Analytical evaluation of resource allocation policies in green IaaS clouds

TitleAnalytical evaluation of resource allocation policies in green IaaS clouds
Publication TypeConference Proceedings
Year of Conference2013
AuthorsBruneo, D., A. Lhoas, F. Longo, and A. Puliafito
Conference NameProceedings of the IEEE 3rd International Conference on Cloud and Green Computing (CGC) Co-located with the IEEE 3rd International Conference on Social Computing and Its Applications (SCA)

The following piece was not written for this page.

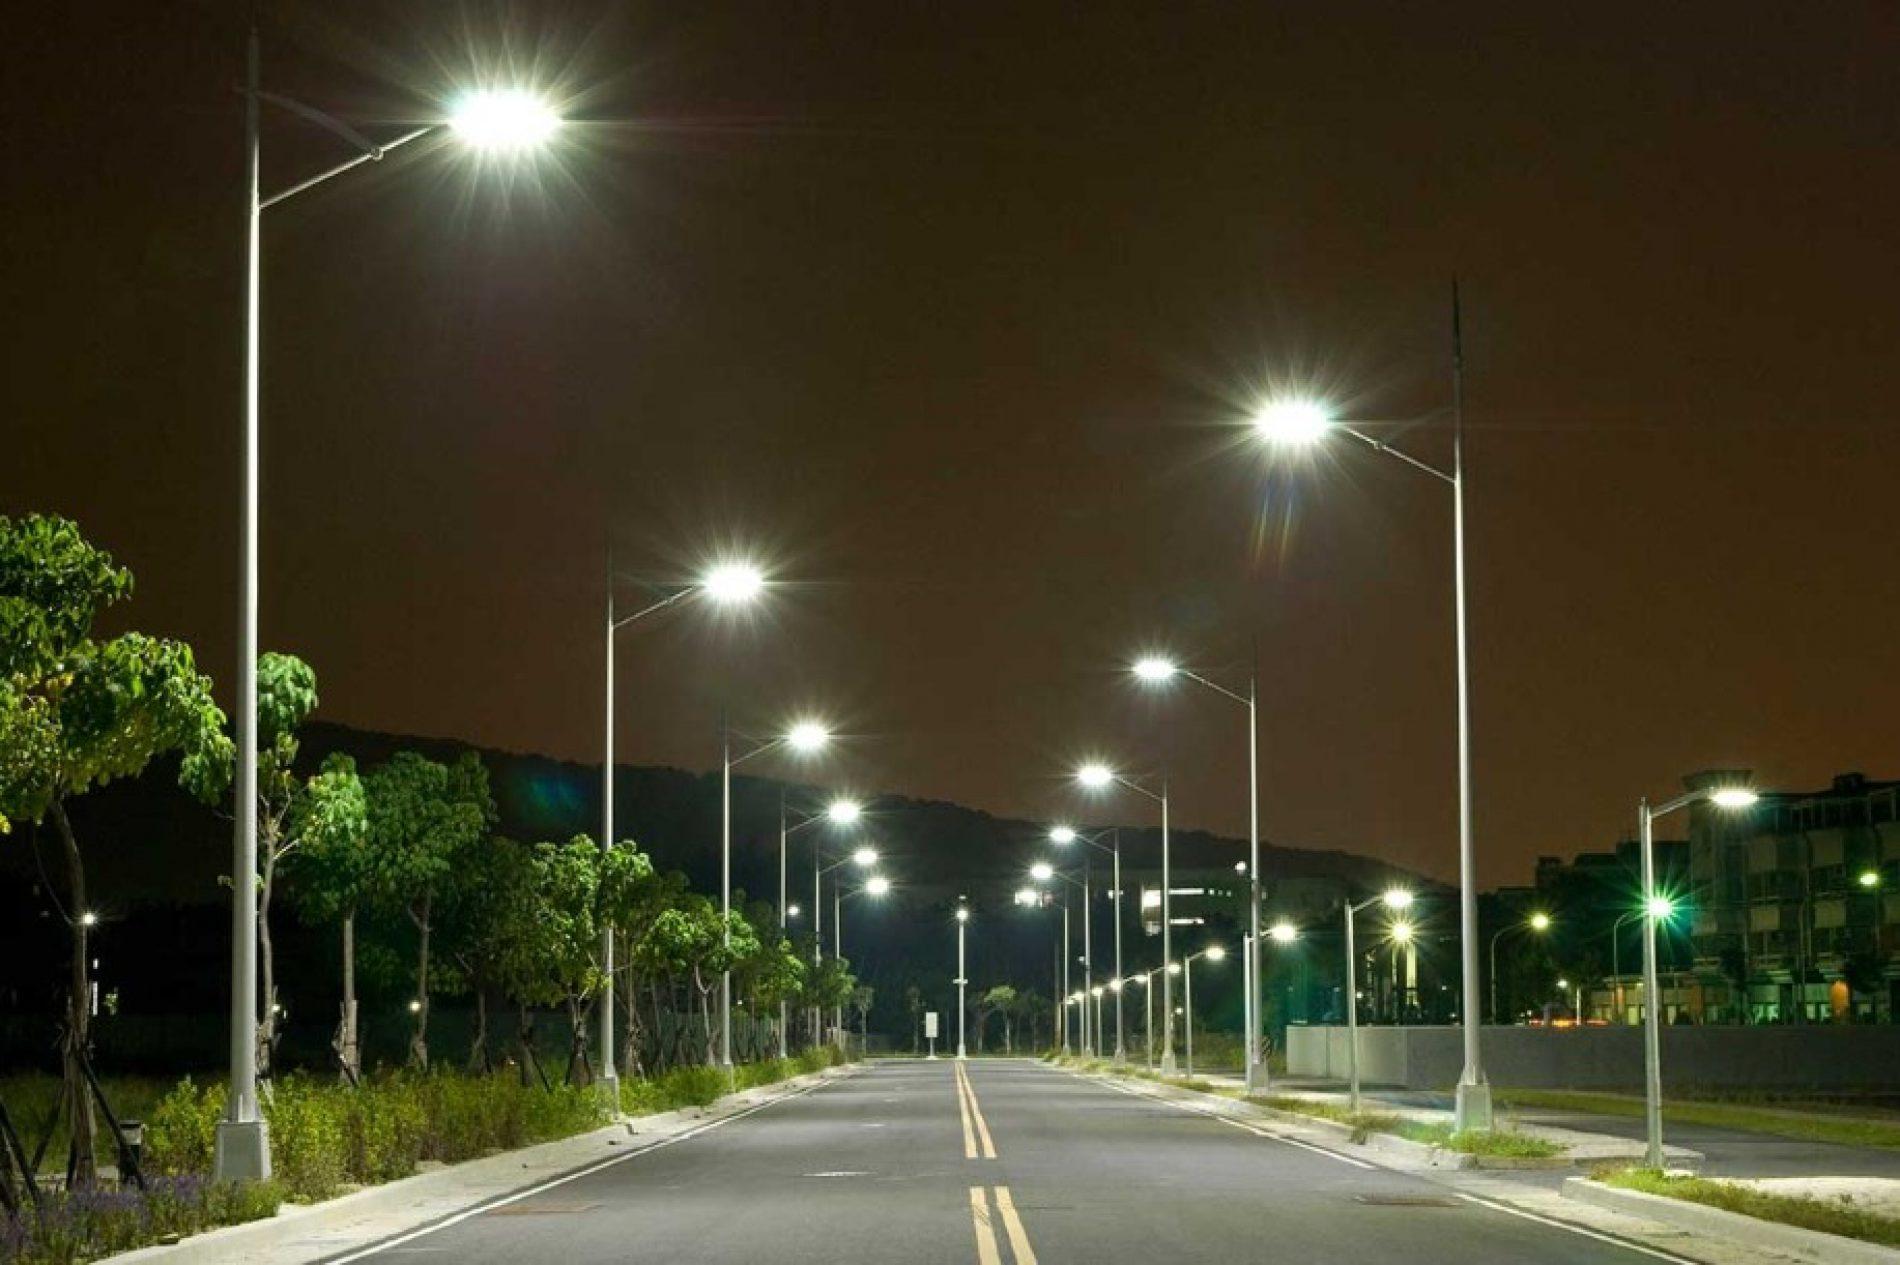 Nuovi criteri minimi per illuminazione pubblica
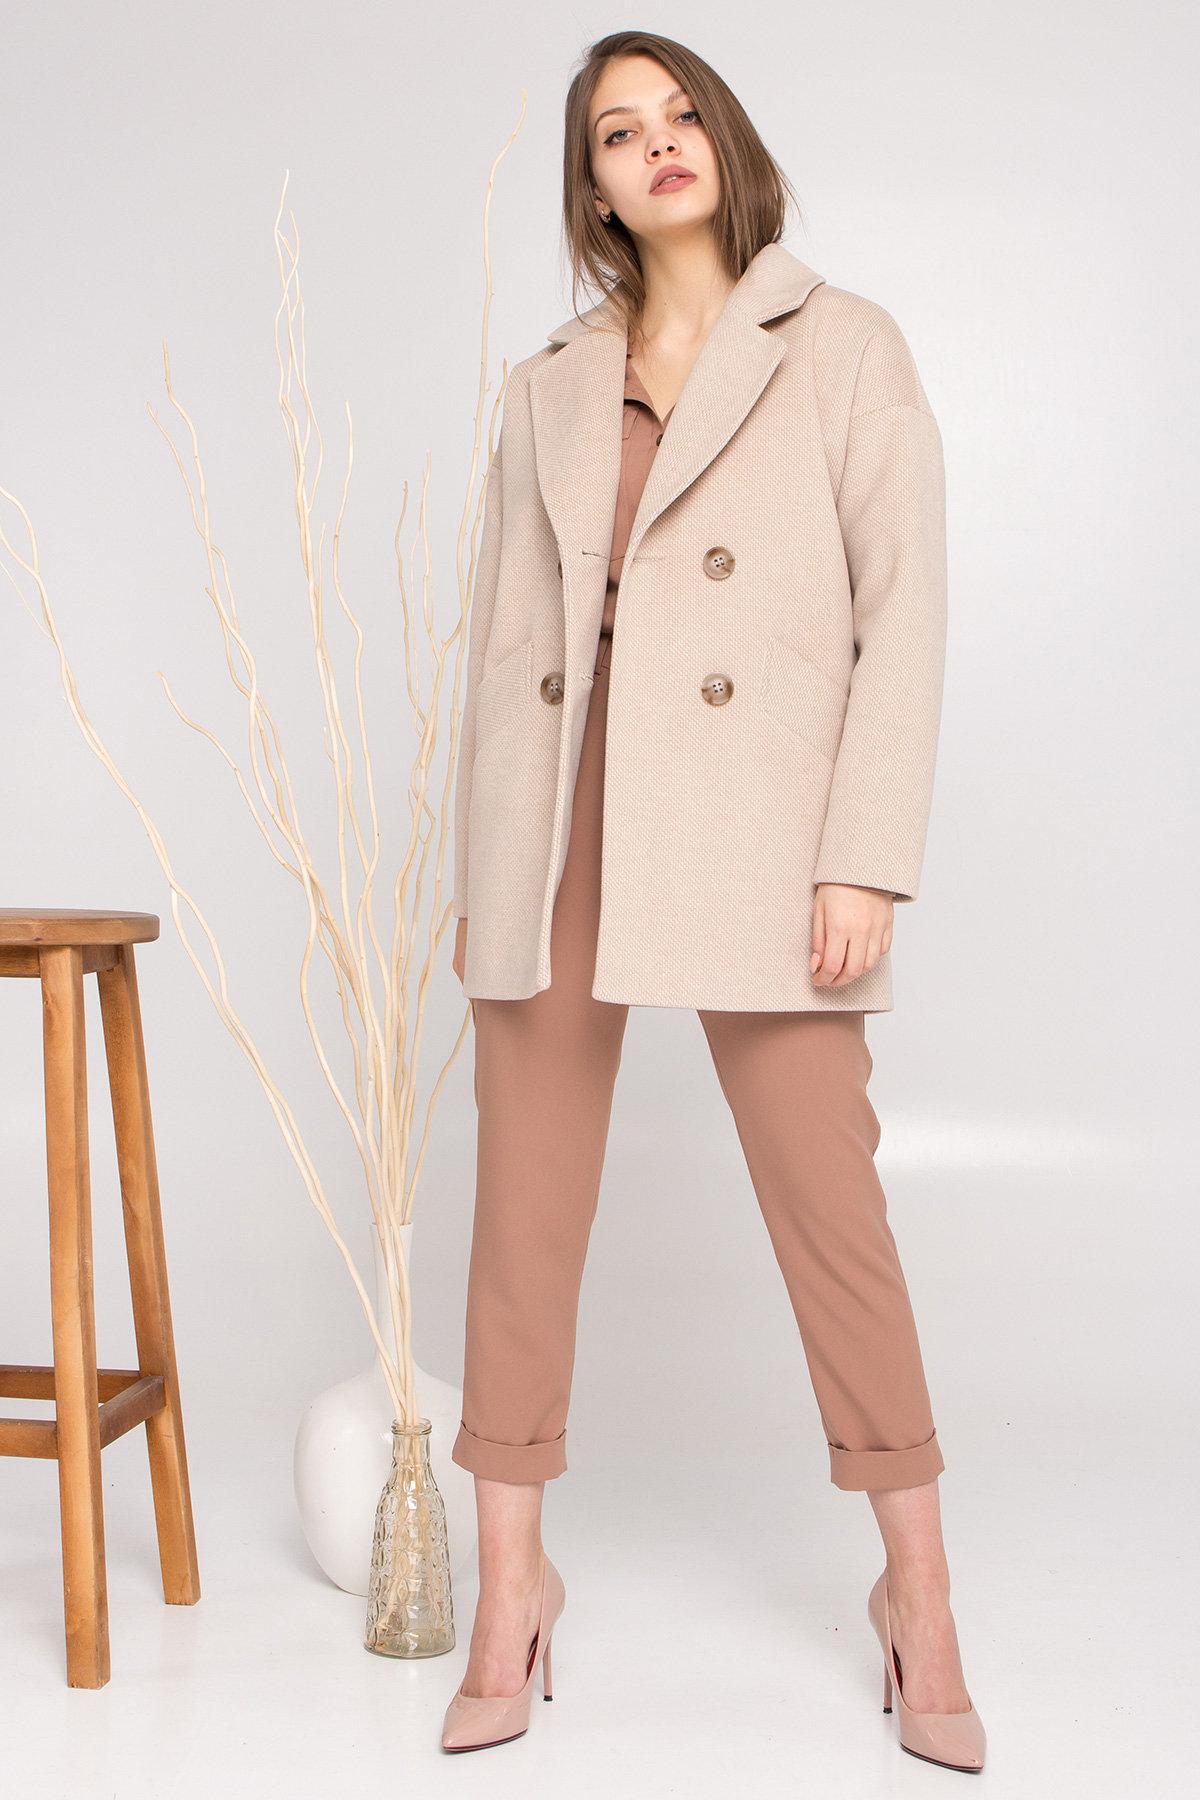 Демисезонное двубортное пальто Бонд 8927 АРТ. 45227 Цвет: Бежевый Светлый - фото 3, интернет магазин tm-modus.ru

PublisherIEEE Computer Society
Conference LocationKarlsruhe, Germany, 30 September - 2 October 2013
ISBN Number9780769551142
KeywordsAnalytical evaluation, cloud computing, Distributed computer systems, Green Computing, Performance analysis, Performance evaluation, Quality of service, Resource allocation, Resource allocation policy, Resource allocation strategies, Service requirements, Stochastic reward nets, Stochastic systems

Cloud systems represent the new ICT frontier where computing utilities are offered in terms of virtual instances, following the so called as-a-service philosophy. Different commercial solutions have been already put in place but several aspects need to be faced in order to provide high-value services able to meet business requirements. In particular, performance evaluation plays a critical role being strictly related to data center optimization and user satisfaction. Moreover, the use of large data centers able to respond to the high service demand has increased the attention to power efficiency, thus calling for green solutions and energy-aware strategies that jointly consider environmental and economical aspects. In order to design powerful strategies able to meet the quality of service requirements still reducing the energy costs, performance analysis frameworks are needed. In this paper, we present an analytical model, based on stochastic reward nets, that is able to easily implement resource allocation strategies in a green infrastructure as-a-service cloud. The model is organized into layers that represent the virtual resource pool and the physical machines. Different allocation algorithms (i.e., scattering, saturation) have been implemented by properly managing the coordination between the model layers. Numerical results are provided that demonstrate the effectiveness of the proposed approach. © 2013 IEEE.